I contacted my service provider. They told that the read numbers are total of all 3 region.

We have given our samples to the service provider. They extracted the DNA, amplified and sequenced.

Regarding this, I have raised a query to my company and waiting for their results. I am not sure, how they have sequenced the 3 regions.

My general query: Is it necessary to separate three hyper variant region from my table.qza? or will it be go wrong if I do not separate them?

Hi @steffi,

It may be wrong. It will definately have some biases that make it hard to compare with other datasets. (Or, it will have different biases that make the comparison hard.) It will also likely alter your results for compositionality compared to a single region. This is because there organism-specific primer biases, and because your ability to detect differences in closely related organisms varies region-to-region.
So, for instance, your ANCOM results might be different. You also (potentially) have multiple very different ASVs representing the same organism but that can’t be combined into a phylogenetic tree. So… I guess, based on that, it is wrong. I think to get a quasi functional from the tree-picking perspective, you might want to run a closed reference picking against a full-sequence reference database.

I don’t know if there’s been a comparison about how combining multiple regions affects your data (although it’s an interesting technical question.)

Also, I guess the idea of running multiple regions without a specific motivation kind of squicks me.
Unless there’s a specific motivation for running multiple regions (like you want to be able to access specific databases or perform a meta analysis), I guess Im wondering why. Like, I don’t think you can assemble reads off the 16s gene to get a better taxonomic resolution, which might be a motivation. And, even in those cases, I think you’d keep the regions separate?



Hi @jwdebelius
Thank you for your well-defined explanation. I have asked my sequence provider for further details on bar-code sequences and waiting for their reply.

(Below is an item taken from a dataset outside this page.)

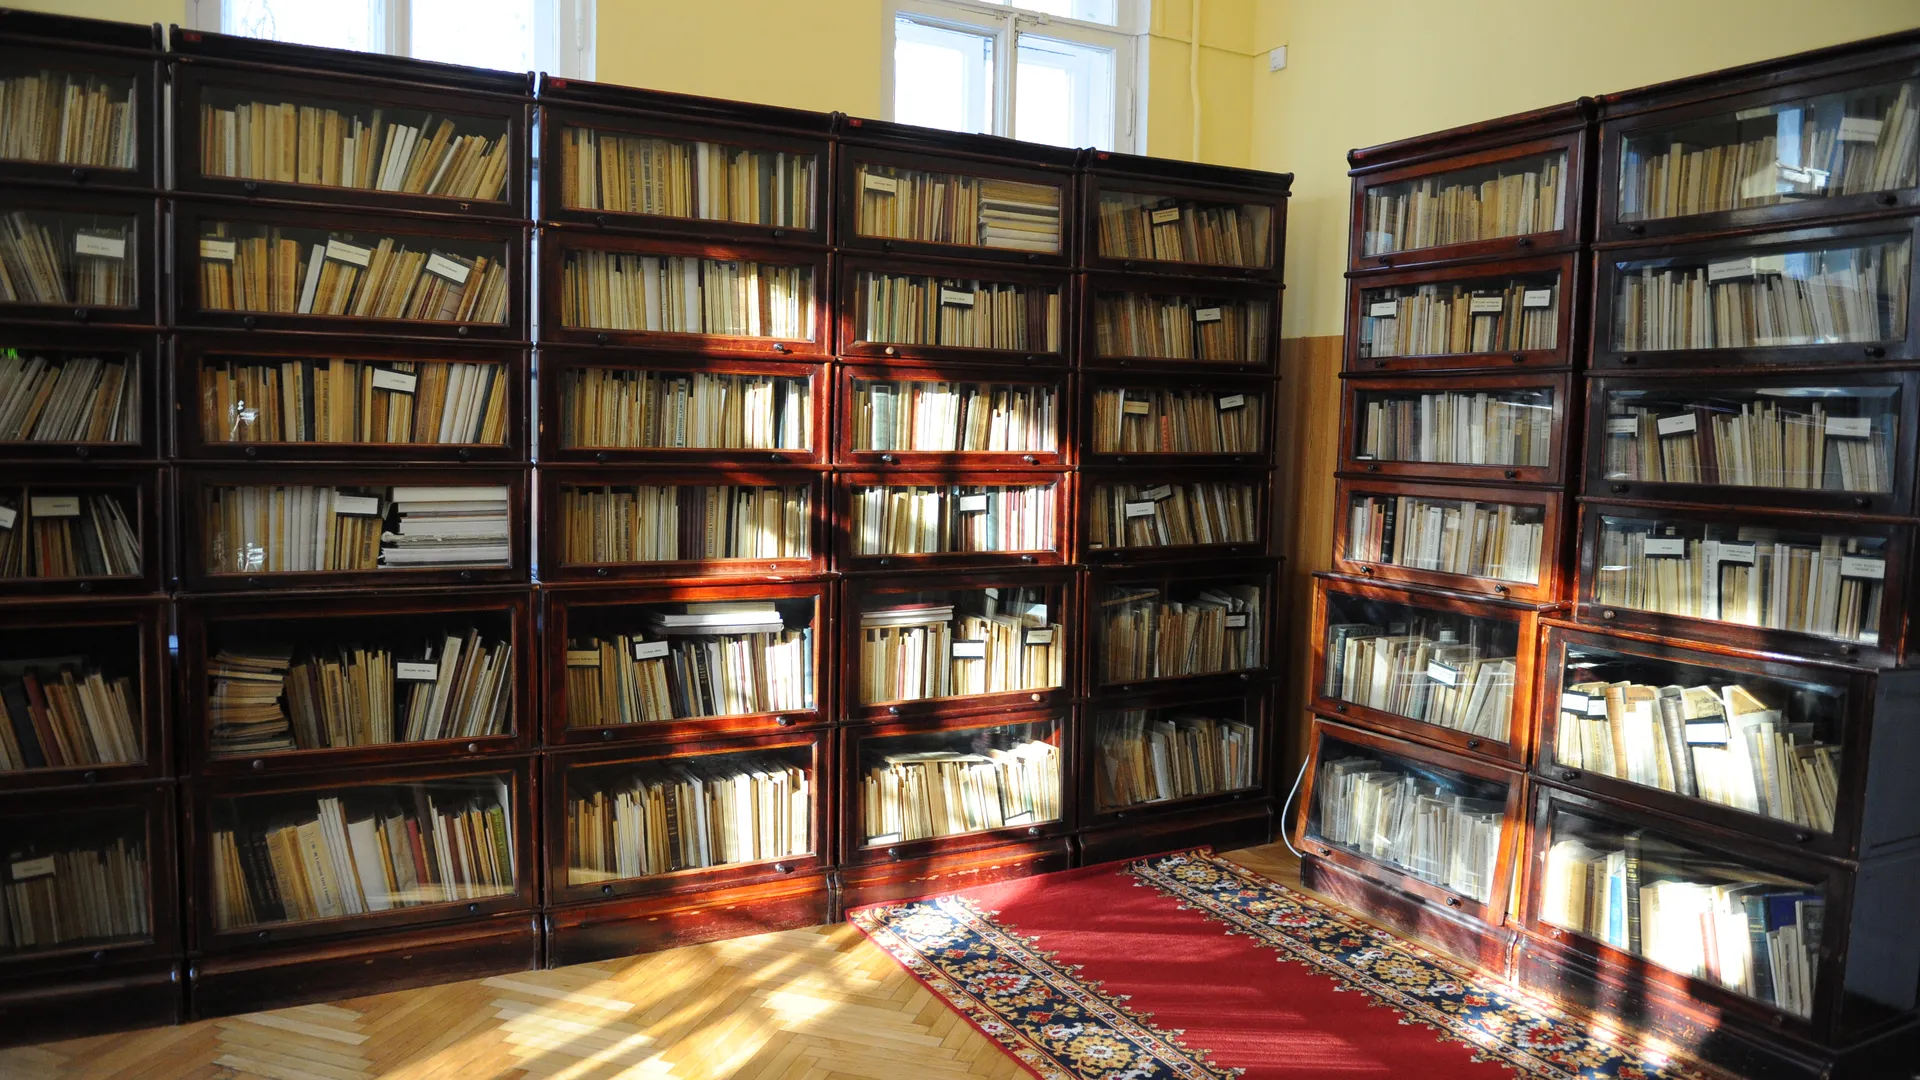 Издания русских классиков массово пропадают из библиотек по всей Европе

In the meanwhile I am trying to separate from demultiplexed files apart based on that primer sequence, and separate them. Is there any method to separate in the QIMME2 environment?

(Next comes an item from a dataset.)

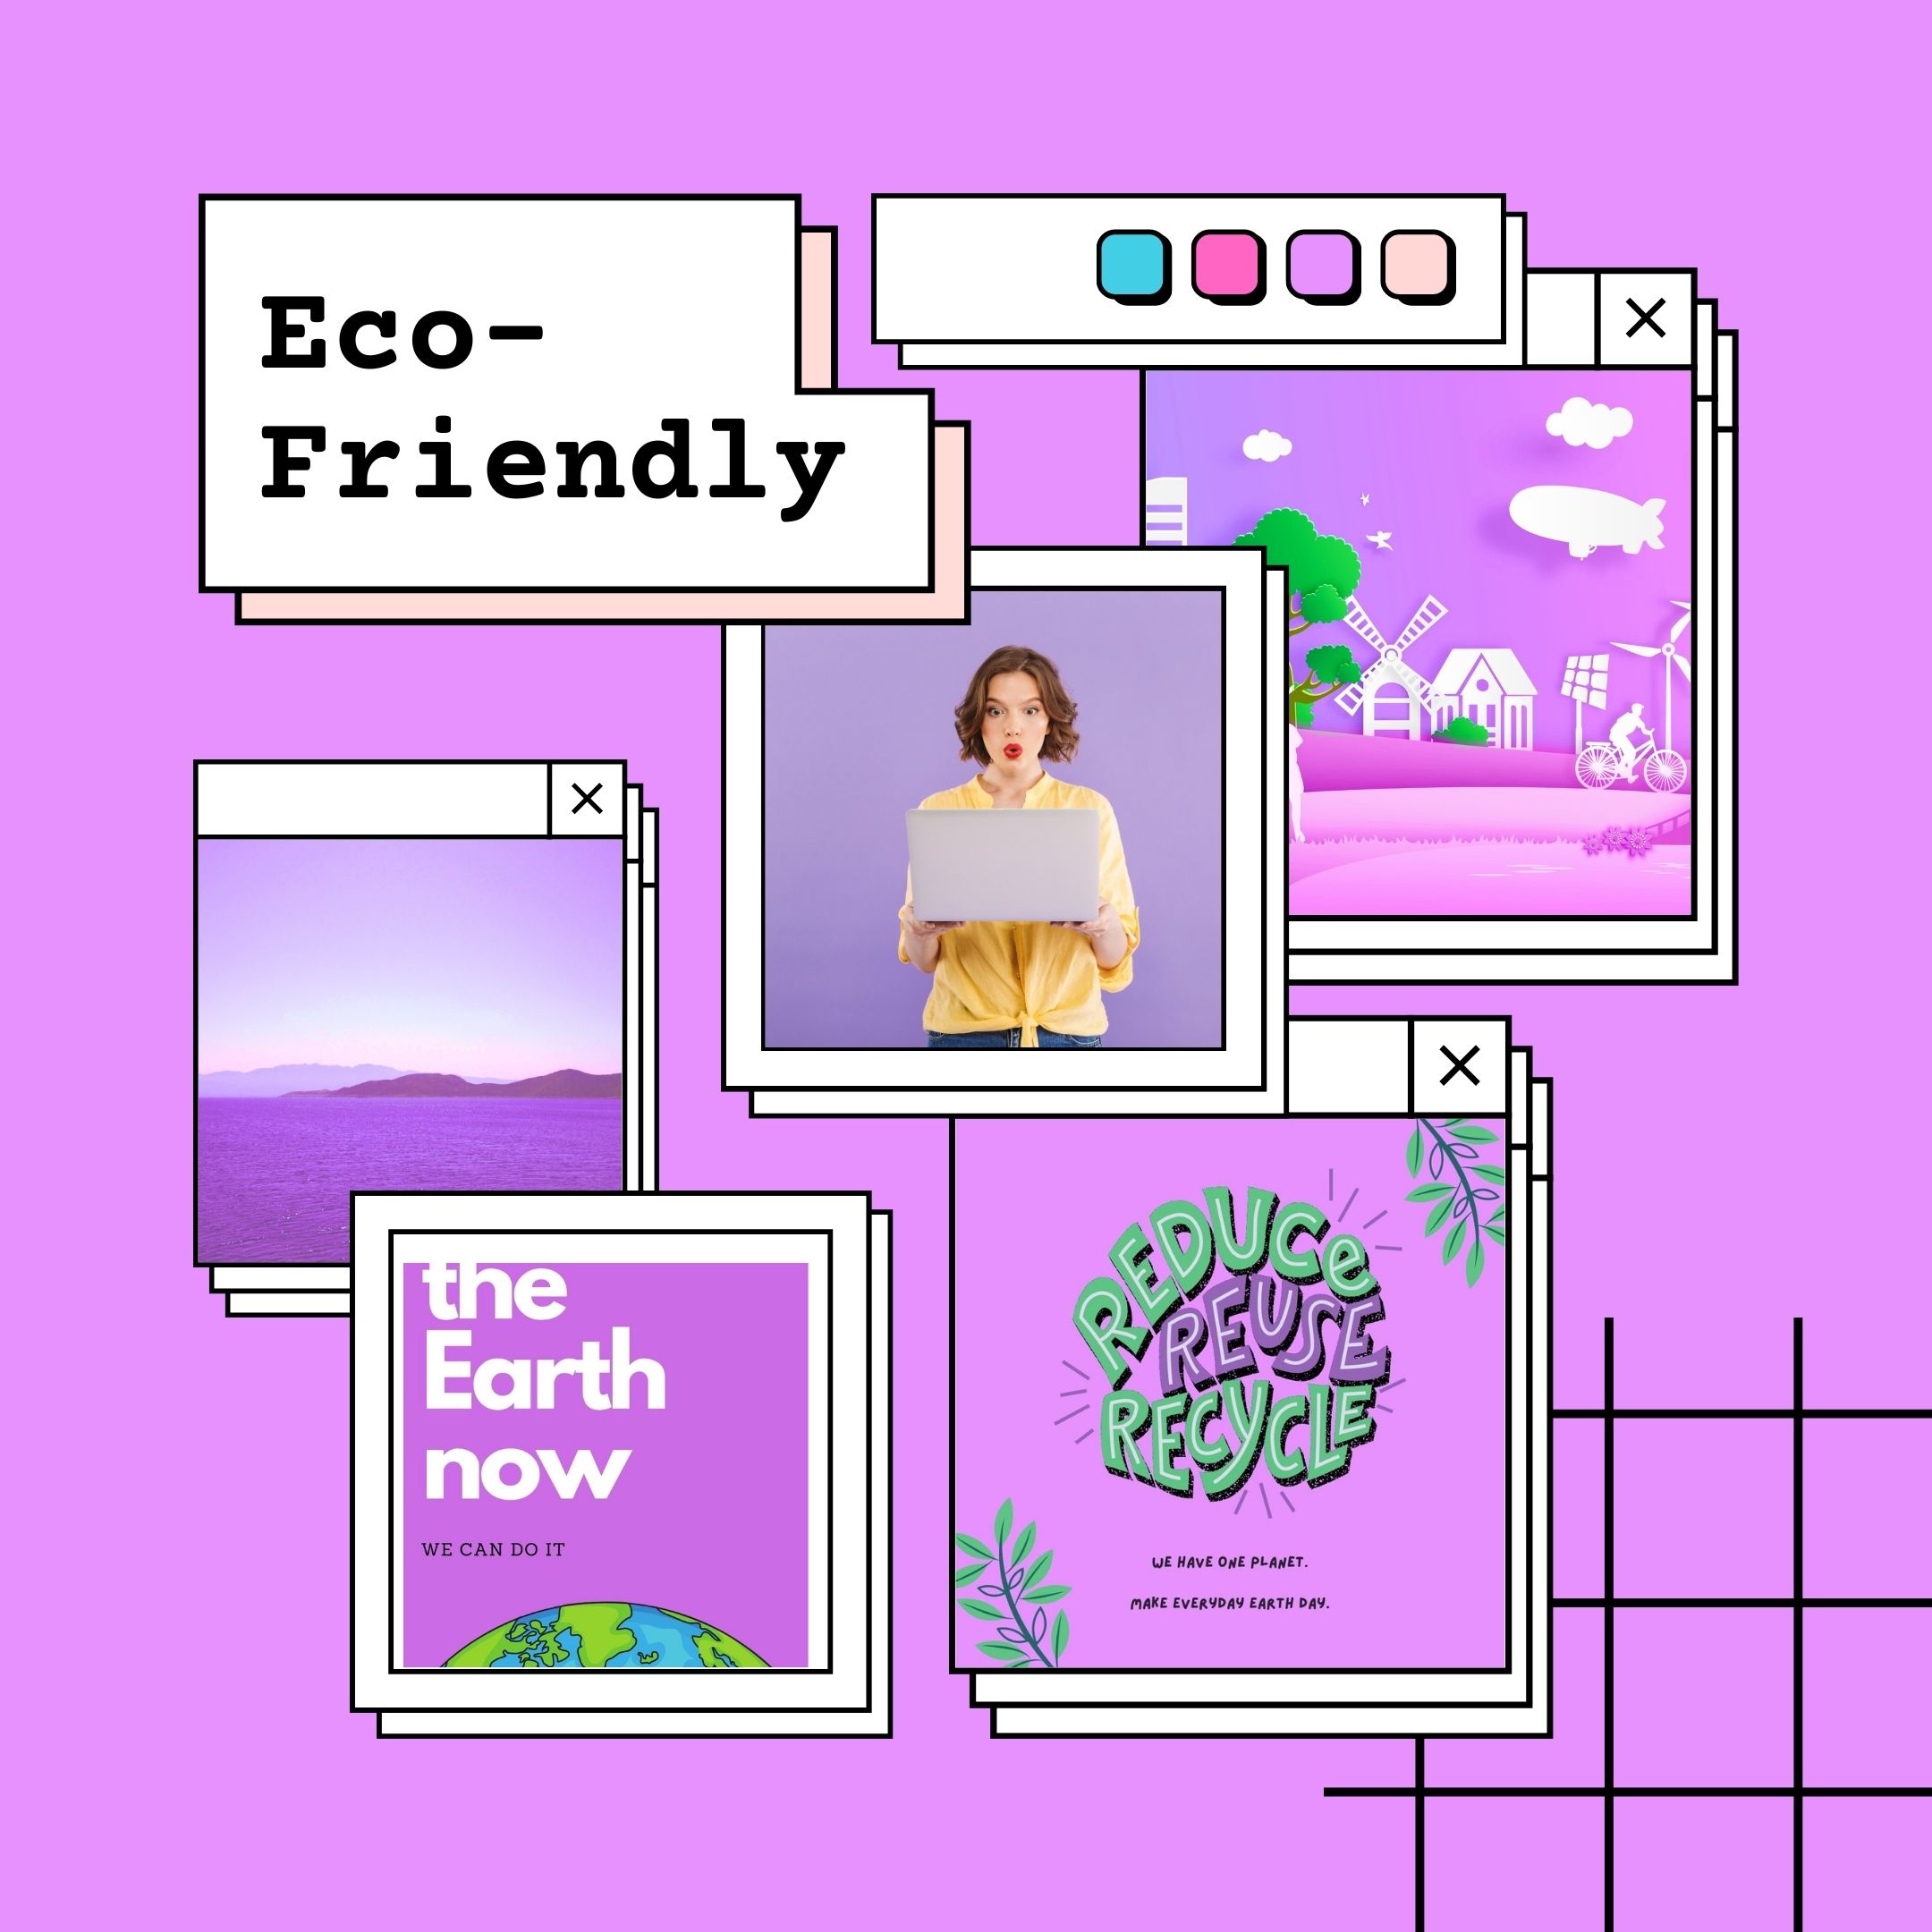 <img src="purple.jpg" alt="purple eco-friendly mood board"/>

So, Ive not ever done this, so I have no idea about whether or not this will actually work, but I think I might try using qiime cut-adapt demux-single where the barcode you use is the primer sequence, if it’s still in your data. This should (:crossed_fingers:) let you split your files into 3 primer specific files.

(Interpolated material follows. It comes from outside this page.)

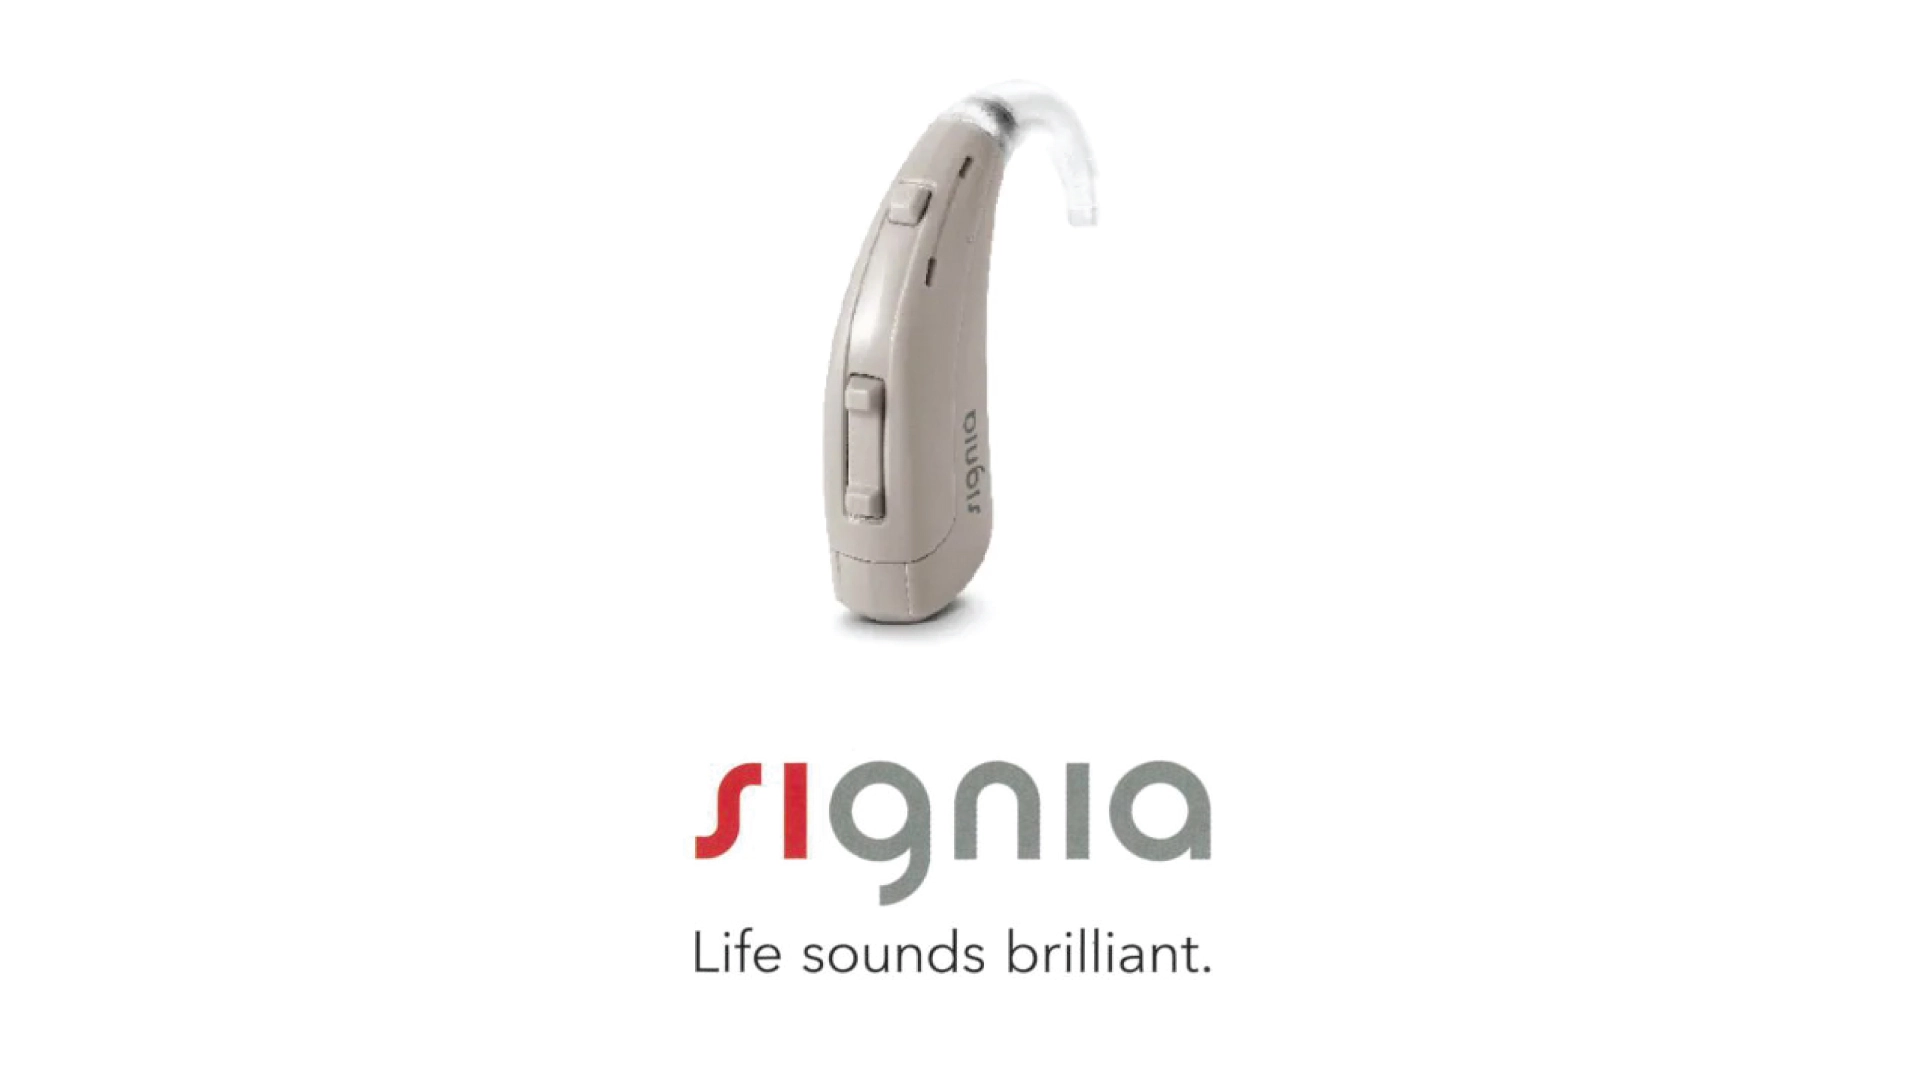 耳かけ型補聴器 シグニア プロンプト【signia prompt】

Thank you for your time. Just now I got the report from my sequence provider. They said, after the PCR amplification using three primers, they have pooled all three amplicons together and then they have taken into sequencer. They did not use any separate barcodes for regions. I am left with no choice here.

Is it possible to align my reads with 80% identity against V1-V3 and V4-V6 region from 16srRNA databases and retrieve the mapped reads and continue with QIIME2 analysis?

Coming back to my original query: Generally what is the lowest acceptable sequence counts which can be taken for further analysis

Hi @steffi,

I think based on that, I’d trim to the same length, and then do closed reference picking against your favorite reference database. The database you choose will depend on your sample type. Silva may be better for enviromental samples; a lot of people used/are still using greengenes 13_8 for their human guts. So, one of those. At least the identifiers of your sequences may be the same. (You’re essentially doing a weird sort of mixed meta analysis.) I think I’d still align at 97 or 99 identity, so you’re getting confidence in what’s there.
This will let you use a phylogenetic metric which (:crossed_fingers:) will be more robust.
But, over all, your results are likely to be influenced by the mix of regions in the sample as much as anything.

As far as sequencing depth goes, it’s again, optimisation problem. I tend to work in the 5000-10000 seq/sample range for most of my analyses. I find 1000 to be really unstable, and too low, but 5K-10K works well for me. At your sample size, you need to keep as many high quality samples as possible, and 20K rarefaction will let you do that.


1 Like

This topic was automatically closed 31 days after the last reply. New replies are no longer allowed.